Northwestern University Libraries is inviting anyone with an appreciation for music history or interest in counterculture and the social movements of the “Long 60s” to take a trip back in time to the Berkeley Folk Music Festival through a recently launched digital exhibit.
While showcasing folk legends Joan Baez, Pete Seeger and Howlin’ Wolf, the exhibit explores the understudied significance of California and the West Coast in the larger story of the American folk music revival. It also shows how materials in the Berkeley Folk Music Festival Archive raise important questions about race, class, gender, region, higher education, public space, cultural heritage and the practice of American democracy during the decades after World War II.
The Berkeley Folk Music Festival took place on the campus of University of California between 1958 and 1970. The digitization of the festival archive, a massive undertaking enabled by a 2017 grant from the National Endowment for the Humanities, includes 33,500 photos, posters and other materials in a new, searchable digital repository.
While the repository is available for browsing by the public and research by scholars, the best way to explore the archive is by viewing a digital exhibition created by Michael J. Kramer, an assistant professor at the State University of New York, Brockport. Kramer has been working with the archive since 2009, when he was an adjunct professor at Northwestern.
Because the Berkeley Festival was happening on the West Coast in the 1960s, it had a different slant than the more traditional folk revival on the East Coast, Kramer said.

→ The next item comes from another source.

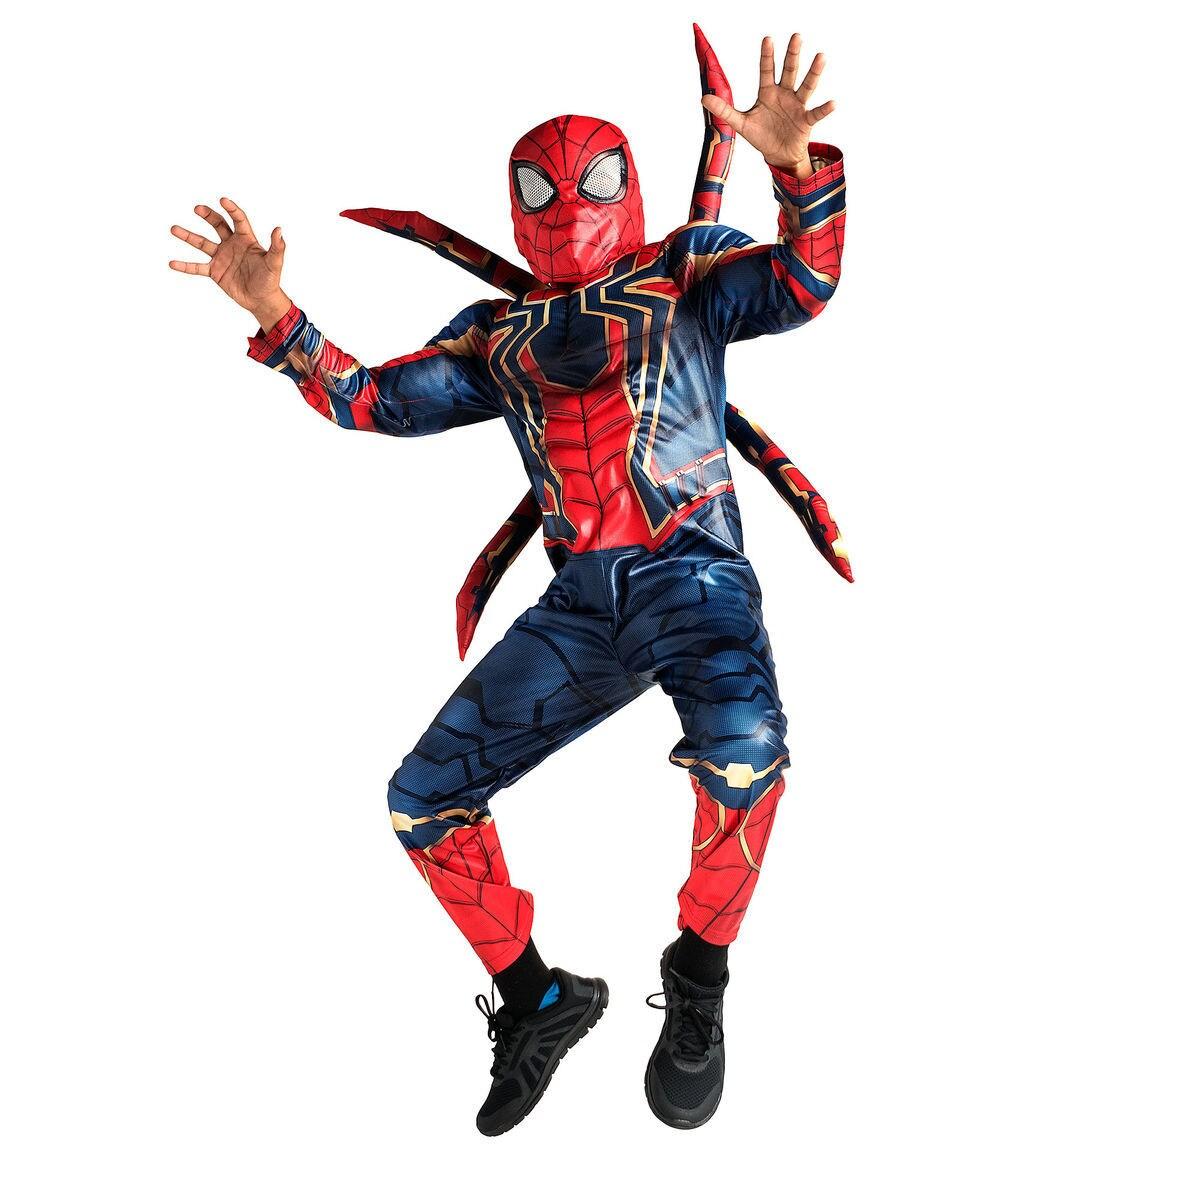 Spider Man Costume Collection For Kids Iron Spider Shopdisney

The East Coast folk revival became best known perhaps for the vociferous objections to Bob Dylan “going electric” in 1965, which some saw as an abandonment of its purist, leftwing ideals.
“The West Coast folk revival at Berkeley was less concerned with these definitions of authenticity,” Kramer said. Instead, the participants focused more on the breadth of folk, from Black blues and Appalachian traditions to international sounds — such as United Kingdom ballads and Mexican-American conjunto ensembles — to newer genres such as rock and soul. As the 1960s progressed, the Berkeley Festival opened up its program of folk music to avant-garde experimentation, psychedelia and singer-songwriter poetry without giving up on its inclusive, communal atmosphere.

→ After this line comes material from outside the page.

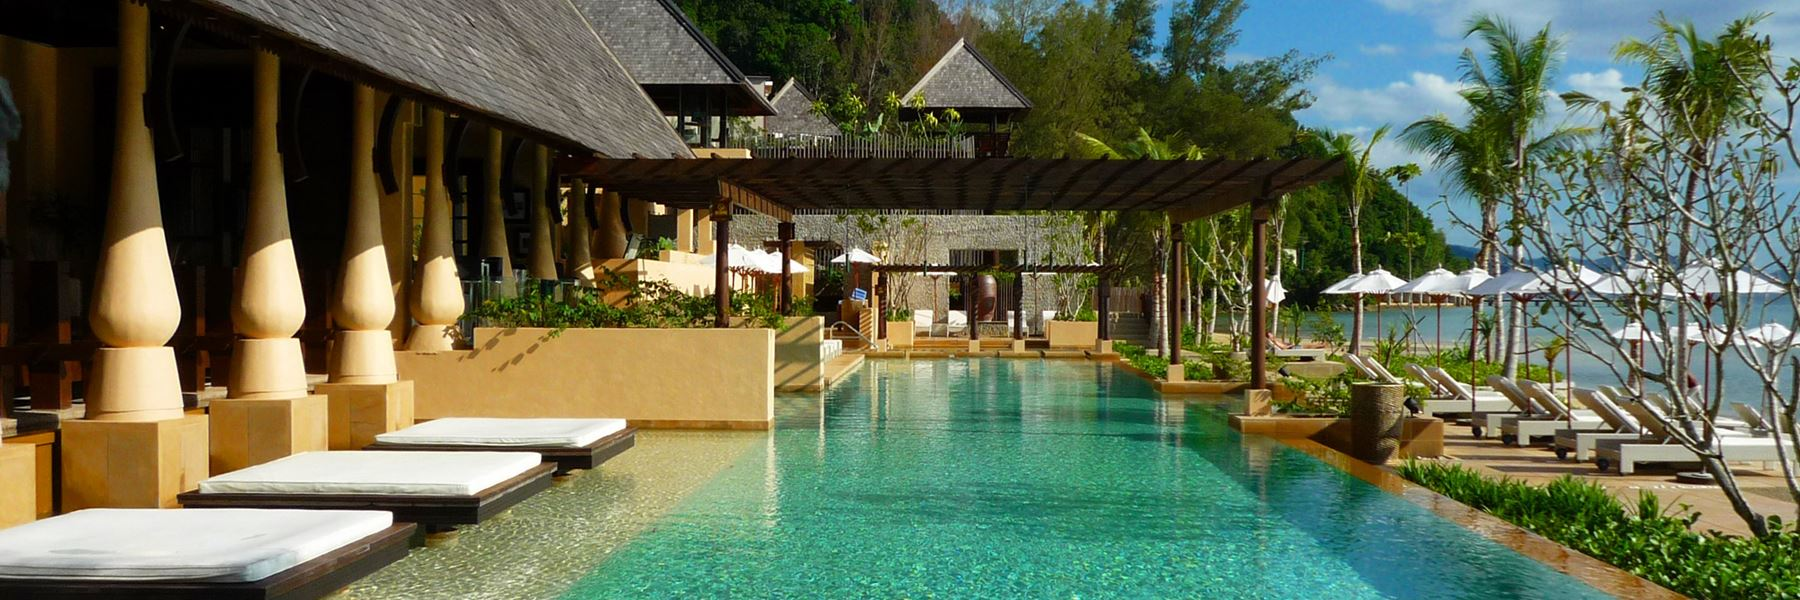 PhotoFly Travel Club   Gaya_Island_Resort_Gaya_Island_509930   PhotoFly Travel Club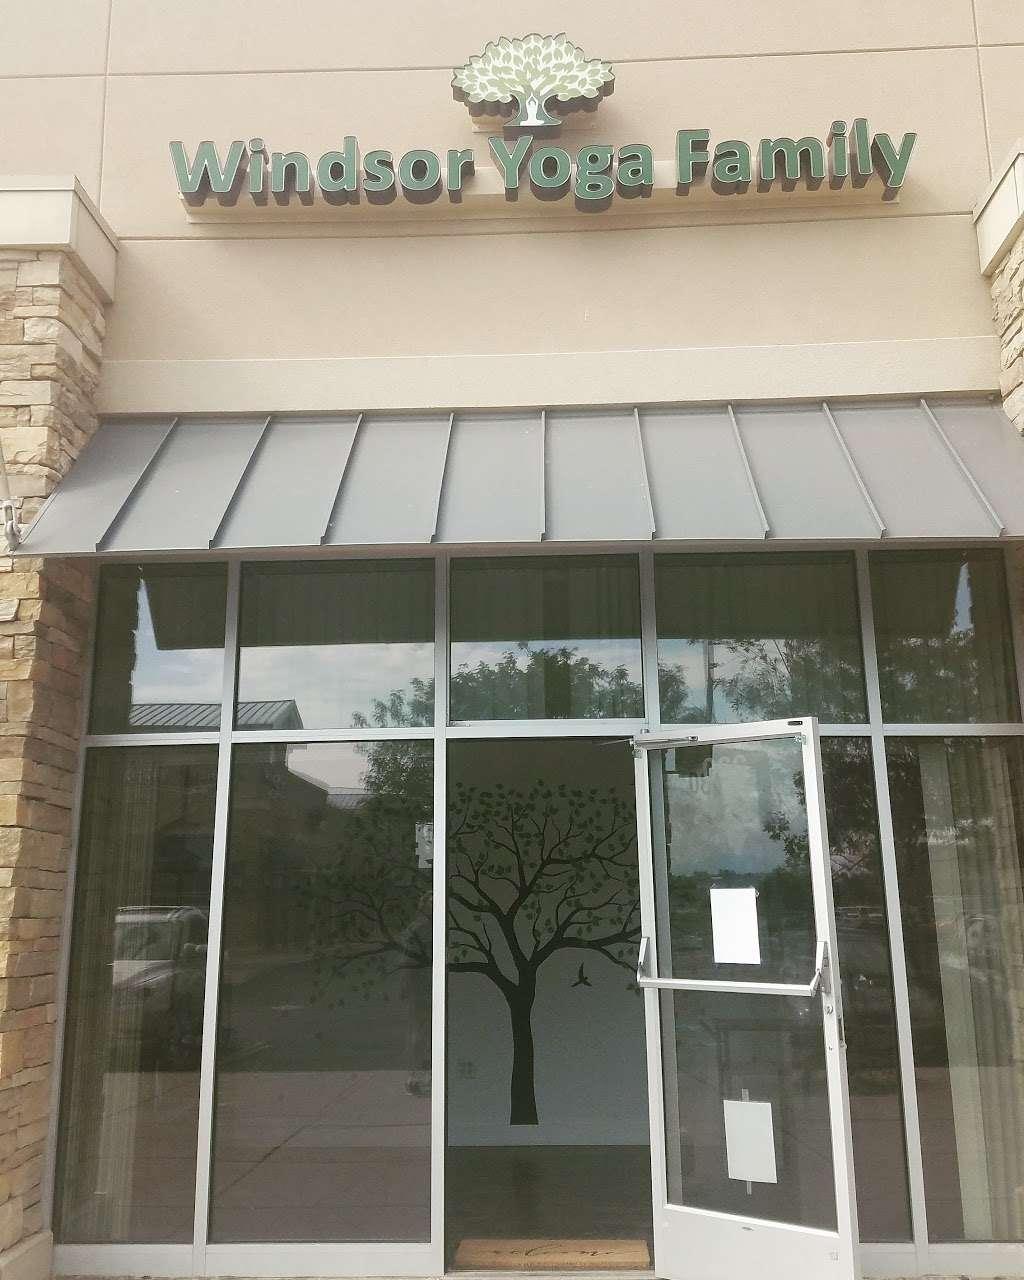 Windsor Yoga Family - gym  | Photo 8 of 9 | Address: 1520 Main St, Windsor, CO 80550, USA | Phone: (970) 481-7906

“At the Berkeley Festival, it’s a story in part of the American South being reimagined out West right during the height of the civil rights movement,” Kramer said. “The festival asserted that Americans on the margins of society, such as long forgotten or ignored working-class musicians from the hinterlands, had as much to offer as the faculty at a prestigious university.”
The exhibit includes numerous never-before-seen photographs, audio and video from festival events, related recordings by performers, an interactive timeline, Kramer’s historical essays on the festival’s significance, and a comprehensive bibliography for those looking to go deeper into the study of the folk revival in the context of postwar American history.